В недавних исследованиях о византийских «гуманистах» несколько раз отмечалось, что в византийском обществе они представляли сплоченную и немногочисленную элиту, прямо зависевшую от убывающего материального благополучия правящего класса. [228] Именно в этой среде шло утонченное, романтическое и социально консервативное возрождение «эллинизма»; большая часть ее видных представителей находилась в оппозиции Паламе. И если учесть, что за исключением Константинополя, Фессалоник и Мистры не было центра, в котором «гуманисты» могли бы найти общественную, материальную или политическую поддержку, то очевидно становится, что надежды на воплощение выражаемых ими идеалов оставалось мало. Соглашаясь взглянуть на вещи трезво, они и сами видели роковую неизбежность гибели. [229]
Мир же византийского монашества не был связан заботой о сохранении древнего эллинизма и пользовался широкой народной поддержкой не только на территориях, все еще подвластных империи, но и на завоеванных турками, и, конечно же, в славянских странах. Центр монашества, Афон, был постоянным местом встреч и общения греков, славян, грузин и даже арабов. Более того, Константинопольский патриархат, как мы уже отмечали, распространил свою власть на огромные территории, и такие страны, как Русь, не испытывали, конечно, никакой привязанности к идеалам эллинизма, но по–прежнему почитали и поддерживали православную Византию, церковь и имперскую традицию. В прошлом Византия пережила немало столкновений между политиканствующим епископатом и монахами–ригористами, особенно в вопросе отношений церкви и государства; однако после того, как в середине XIV века монахи взяли патриархат в свои руки, такие столкновения почти исключались. Таким образом, церковь меньше зависела от императорской политики. Особенно явно эта самостоятельность проявилась после обращения императора Иоанна V в латинство (1369 г.). Мог ли Иоанн V хотя бы мечтать, что церковь подчинится его взглядам и желаниям, как это делал в 1274 году Михаил VIII? После победы исихастов церковь, благодаря повсеместному распространению ее административного аппарата, международным связям и поддержке народа, во многих отношениях располагала едва ли не большей властью, нежели обедневшая империя. Что психологически и организационно создавало предпосылки сохранности церкви даже после гибели империи.

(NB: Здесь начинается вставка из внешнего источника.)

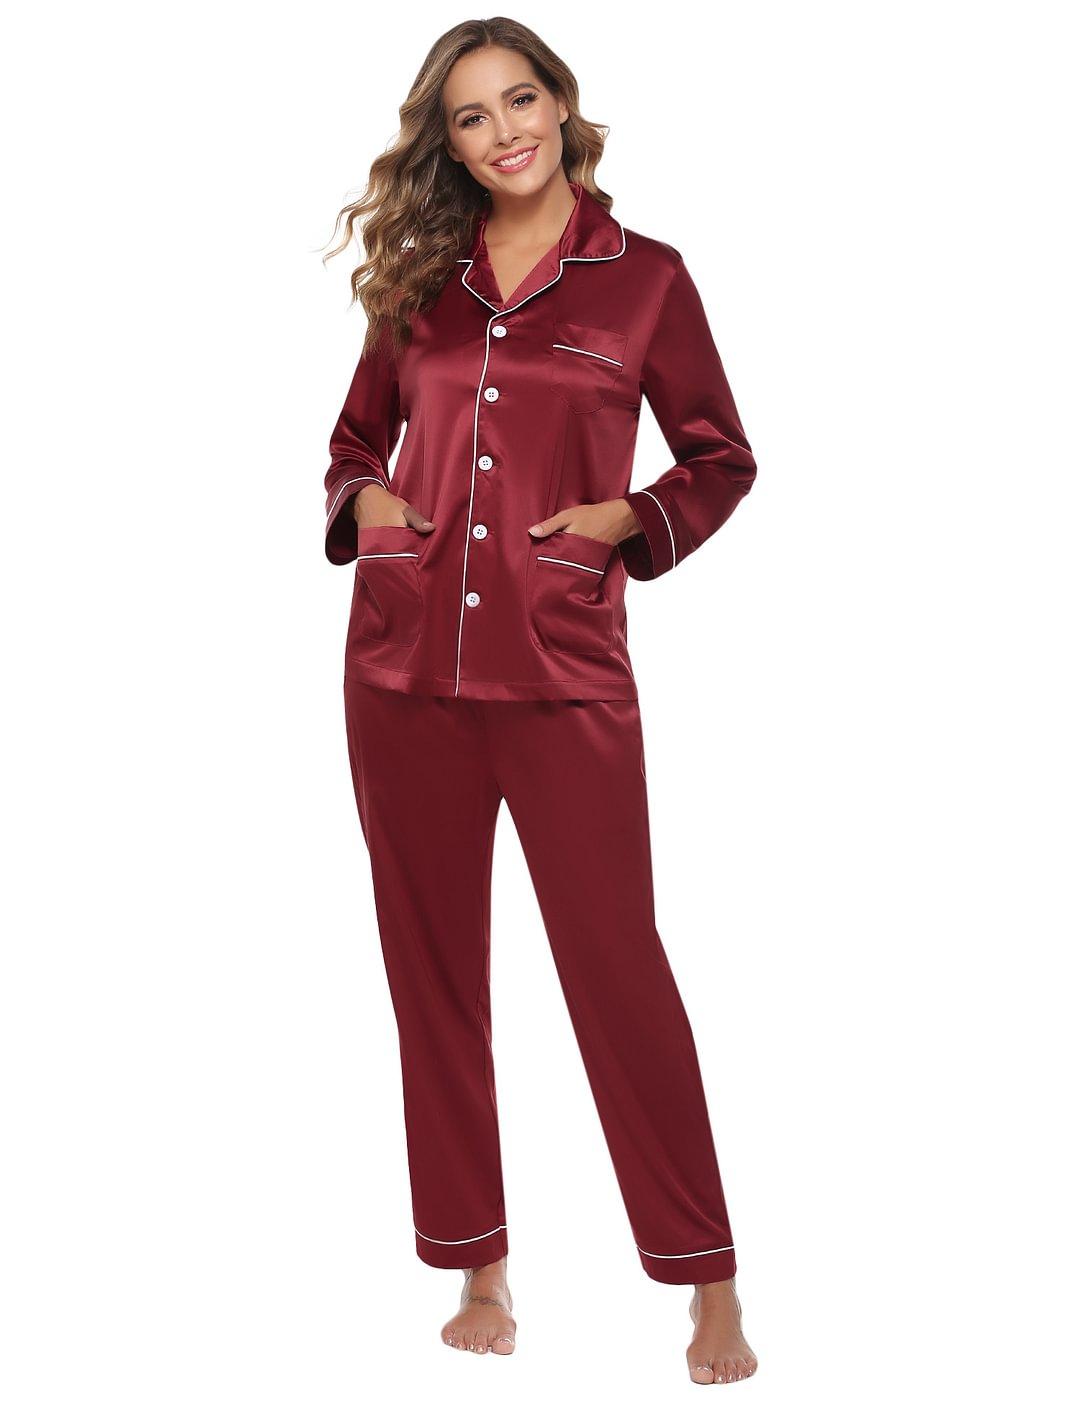 Abollria Women Cotton Pajama Set Long Sleeve Tops and Pajama Bottoms with Pockets Loungewear Set Sleepwear

Замечательно, что и в этих обстоятельствах, какие бы ни возникали между нею и императором разногласия в вопросах богословия или вероучения, церковь неизменно была безукоризненно лояльна к старой имперской системе. Например, император Иоанн Кантакузин пользовался традиционным императорским правом назначения патриархов и определения границ епархий. [230] В часто цитируемом послании патриарха Антония московскому князю Василию также выражен идеал всемирной империи: «Невозможно христианам, — писал патриарх, — иметь церковь и не иметь царя…». [231] В качестве наглядного примера верности имперскому идеалу, можно указать на изображение византийской императорской четы и русского великого князя с супругой на епископском одеянии — саккосе — митрополита Киевского и всея Руси Фотия (1408–1431 гг.). [232]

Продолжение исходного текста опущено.